An unknown material, m1 = 0.49 kg, at a temperature of T1 = 92 degrees C is added to a Dewer (an insulated container) which contains m2 = 1.1 kg of water at T2 = 21 degrees C. Water has a specific heat of cw = 4186 J/(kg⋅K).
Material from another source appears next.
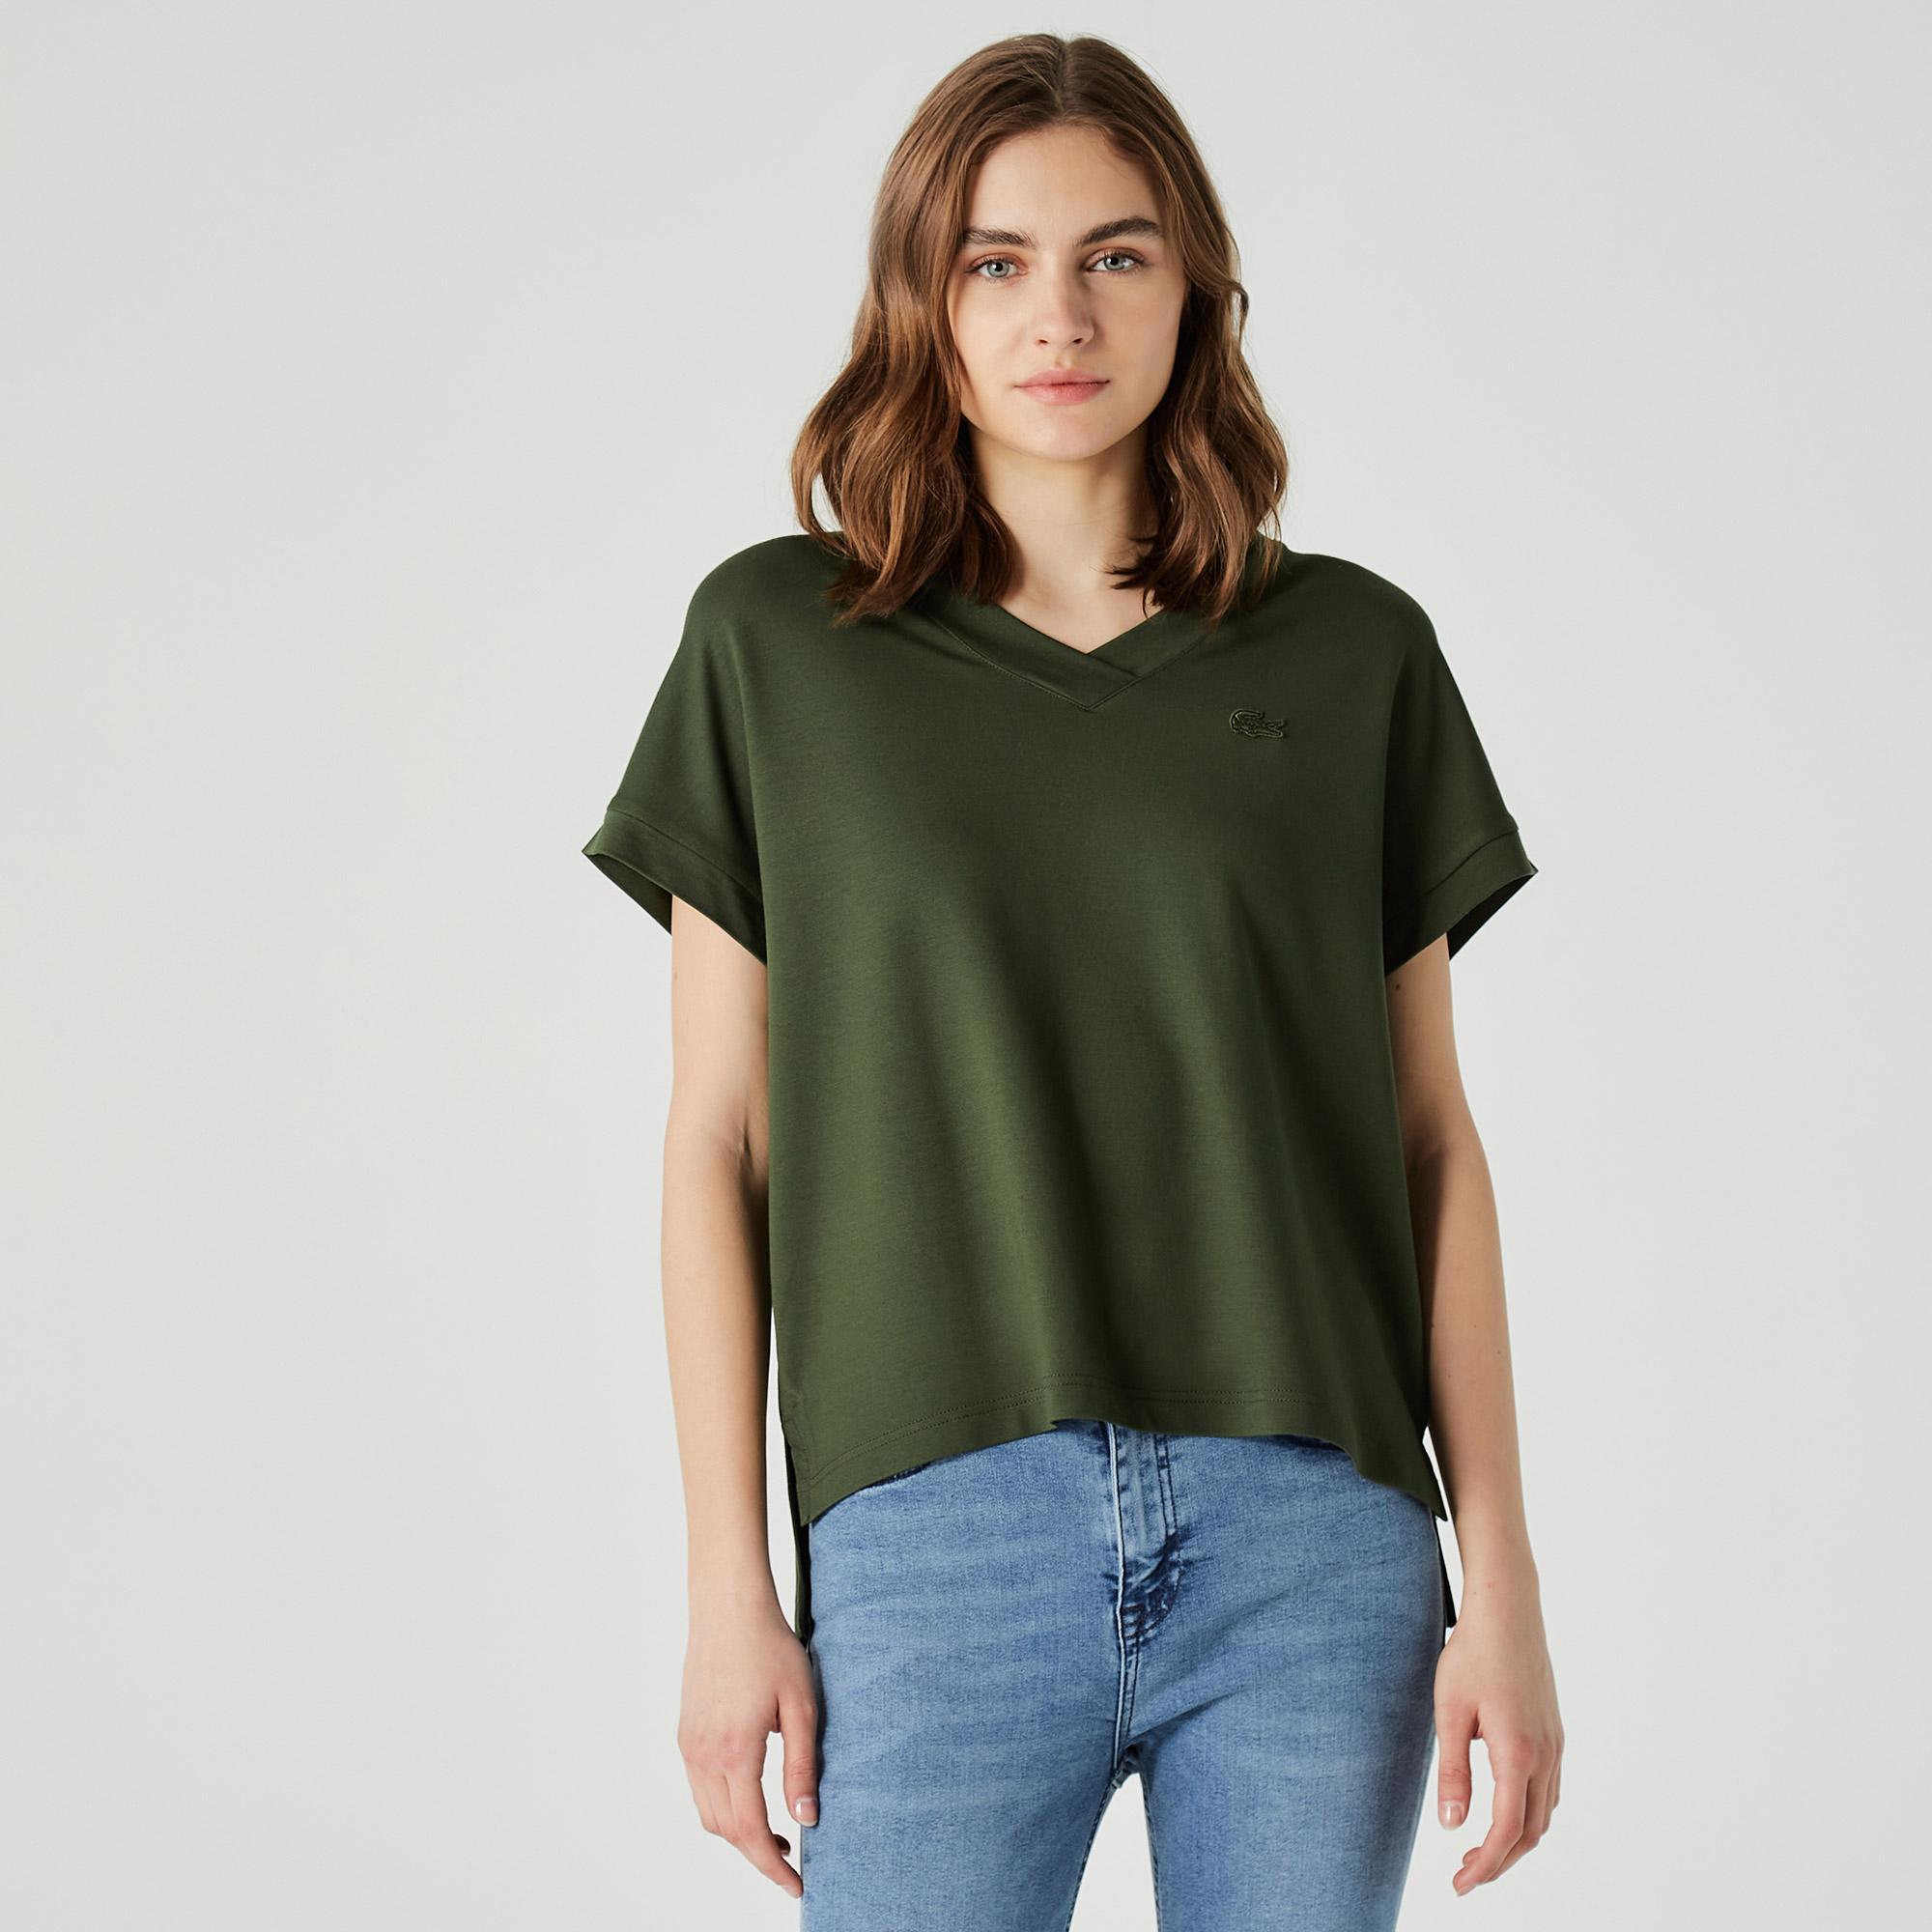 Lacoste Kadın Relaxed Fit V Yaka Koyu Yeşil T-Shirt. 2

After the system comes to equilibrium the final temperature is T = 31 degrees C. Detemine the specific heat of unknown material.

Answer 1

Answer:

$c_u=1540.5J/kg^{\circ}K$

Explanation:

We know that heat relates to mass, specific heat and variation of temperature experimented because of this heat through the equation $Q=mc\Delta T=mc(T_f-T_i)$. The heat released by the unknown material is absorbed by water, so we have $Q_u=-Q_w$, and we can write:

$m_uc_u(T_{uf}-T_{ui})=-m_wc_w(T_{wf}-T_{wi})$

Since thermal equilibrium is reached we know that $T_{cf}=T_{wf}=T_f=31^{\circ}C=304^{\circ}K$, where we have added $273^{\circ}$ to convert the temperature from Celsius to Kelvin, as we must do. Since we want the specific heat of the unknown material, we do:

$c_u=-\frac{m_wc_w(T_f-T_{wi})}{m_u(T_f-T_{ui})}$

Which for our values is:

$c_u=-\frac{(1.1kg)(4186J/kg^{\circ}K)((304^{\circ}K)-(294^{\circ}K))}{(0.49kg)((304^{\circ}K)-(365^{\circ}K))}=1540.5J/kg^{\circ}K$